ちょっと気になる記述を見つけた。放送作家、出版プロデューサーをしているという加瀬清志氏のサイト、「加瀬清志ドットコム」のうちの「ホンマかいな!?日記」6月6日分から、ちょっと長くなるが引用する。

(前半無関係なので略)そんなところに「余計なお世話メール」(そういう件名の)が届いた。
某ラジオ局の某アナウンサーが某リスナーがいろいろな番組に出していて複数読まれたらしい「私の誕生日をお祝いしてくださいメール」について非難したとかで「加瀬さんはどう思いますか?」というもの。
よく新聞の投書欄などで「二重投稿はおやめください」とか書いてあるアレだよね。
新聞の場合は他社との二重投稿という意味なんだろうけれど、同じラジオ局の違う番組の場合はどうなんだろうね。
チェックしなかった、もしくはチェックできないラジオ局のシステムに問題はないのかいな。そもそもそうした多重投稿のどこに問題があるんかいな。

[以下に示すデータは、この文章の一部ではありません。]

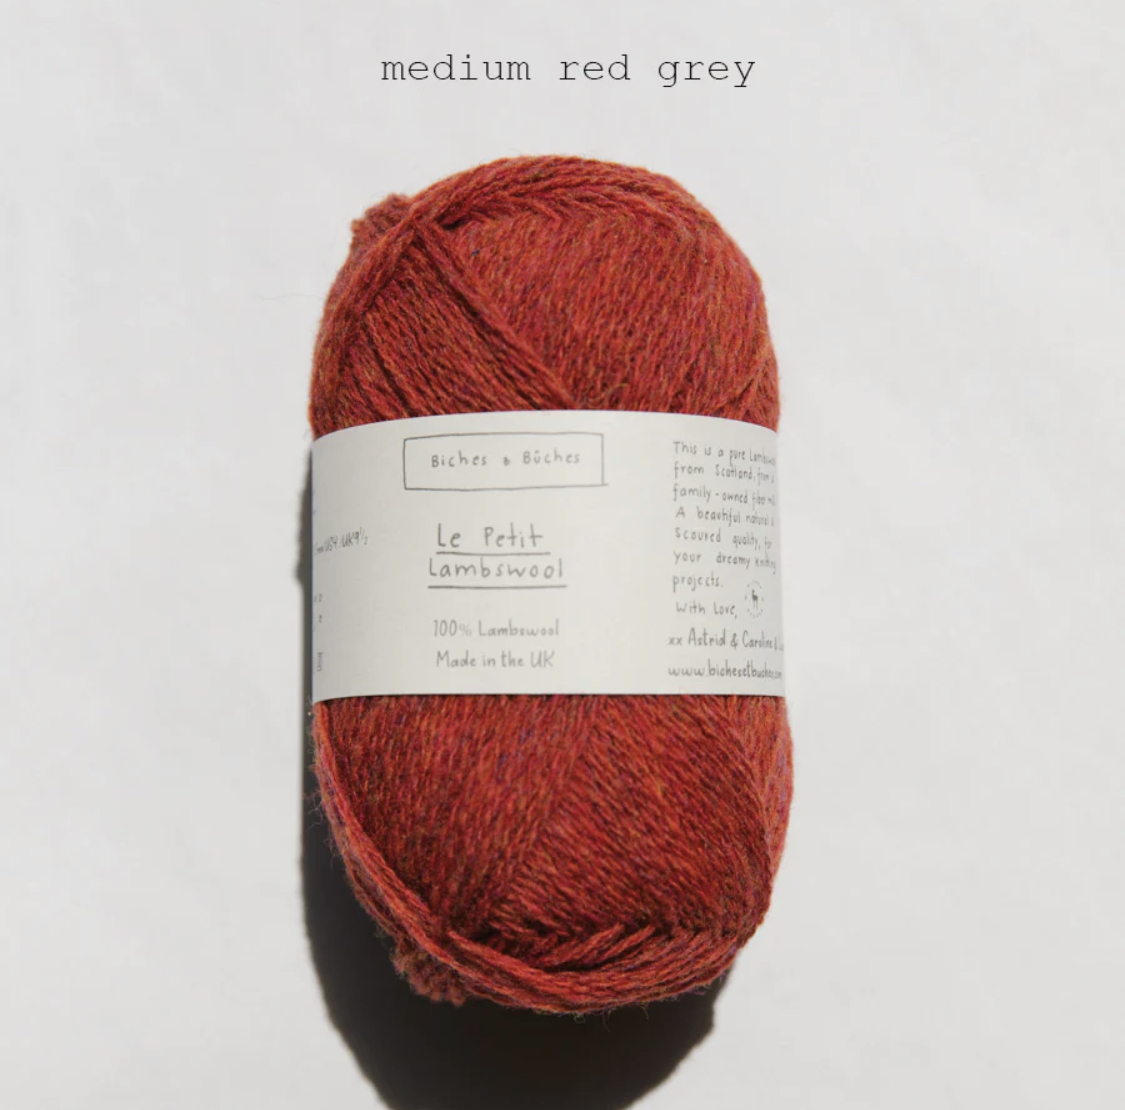 Le petit lambswool / Medium red grey

たまに同じラジオ局で一日に何回も同じ曲がかかることがあるけど、あれはいいんかいな。もしも問題があるのならそうしたことについての説明とか注意とかした上でのことなのかいな。
まぁ、それにしても、もしも本当にそのことをオンエアで非難されたとしたら、そのリスナーは相当傷ついちゃっただろうなぁ。誕生日が台無しってくらいにね。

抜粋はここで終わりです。